Я как можно циничнее усмехнулся и спросил:
— Похоже, время от времени я уже… косвенно занимаюсь именно тем, про что ты говоришь? А не только хэдхантерством… в некоторых его проявлениях?
— Возможно, — пожал плечами Кулёк. – Я не интересовался. Ты же не один. Знаешь, сколько в России за год пропадает людей?
— Много?
— Назови, как ты считаешь, сколько? На твой взгляд?
— Тысяча? Две? Пять?
Кулёк невесело покачал головой: нет.
— Десять?
Кулёк молчал.
— Сколько?
— Только заявленных «без вести пропавшими» от ста пятидесяти тысяч и выше. В год. По одной только России. Не считая тех, кто не попадает в эту статистику. Кого не разыскивают вообще. Кто как бы где-то работает, куда-то уехал. Неграждане. Много же и таких. Человек ищет счастья, места под солнцем – это нормально. Только его никто не ищет – кому это надо?
Я молчал. Лицо мое было непроницаемым. Кульницкий продолжил давить, очевидно ожидая реакции:
— Это население совсем немаленького города. Который опустел полностью.
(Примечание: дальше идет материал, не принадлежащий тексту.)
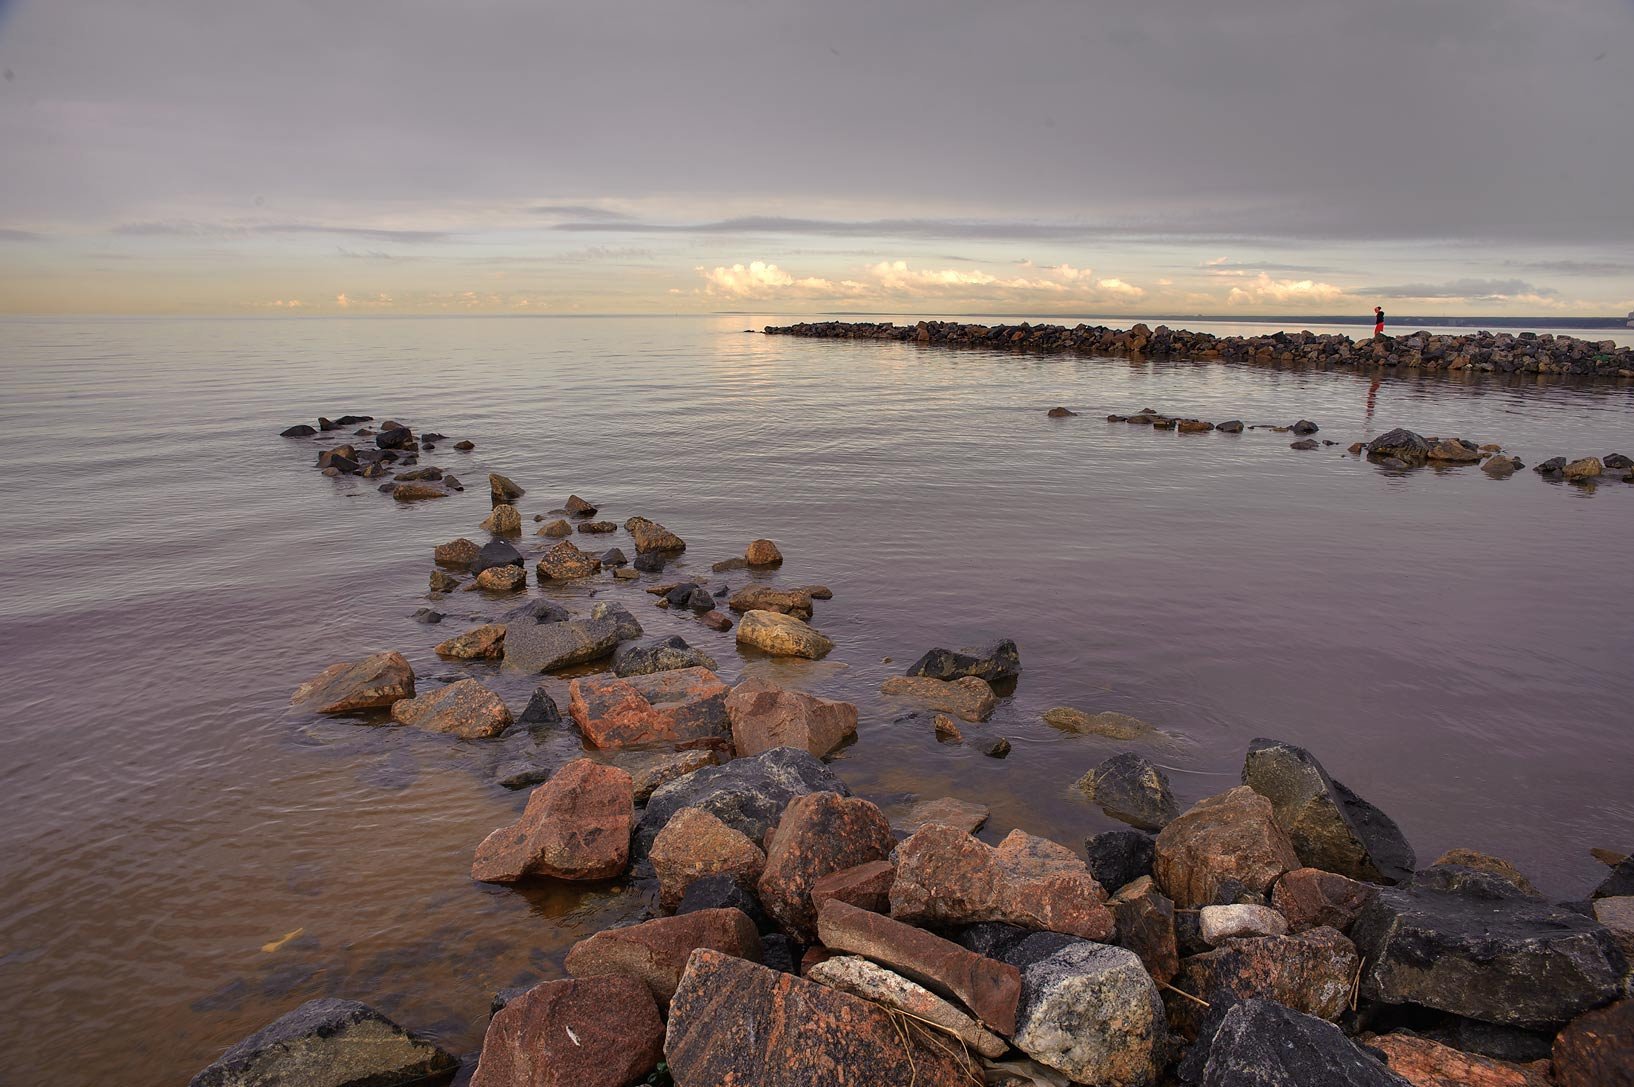 Каменный пляж финский залив Питер. Ботнический залив и финский залив. Финский залив Свеаборг. Финский залив 1856. Финский залив соленая вода

Каждый год по городу. Как тебе?
— Они все…
Кулёк быстро перебил меня:
— Стоп! Не все. Даже не половина. Я не знаю. Понятия не имею. Я просто ставлю тебя в известность.
— Но как? Почему никто не чешется?
— Не задавай глупых вопросов и мне не придется выдумывать на них ответы. Тебе не по барабану, Руся? Ау?
— А я ведь тоже уже не Руслан, Неборя.
— Ну не Людмила же. Ха-ха, — скривил физиономию Кульницкий. — Да в курсе я, как ты понимаешь! Повысили же тебя.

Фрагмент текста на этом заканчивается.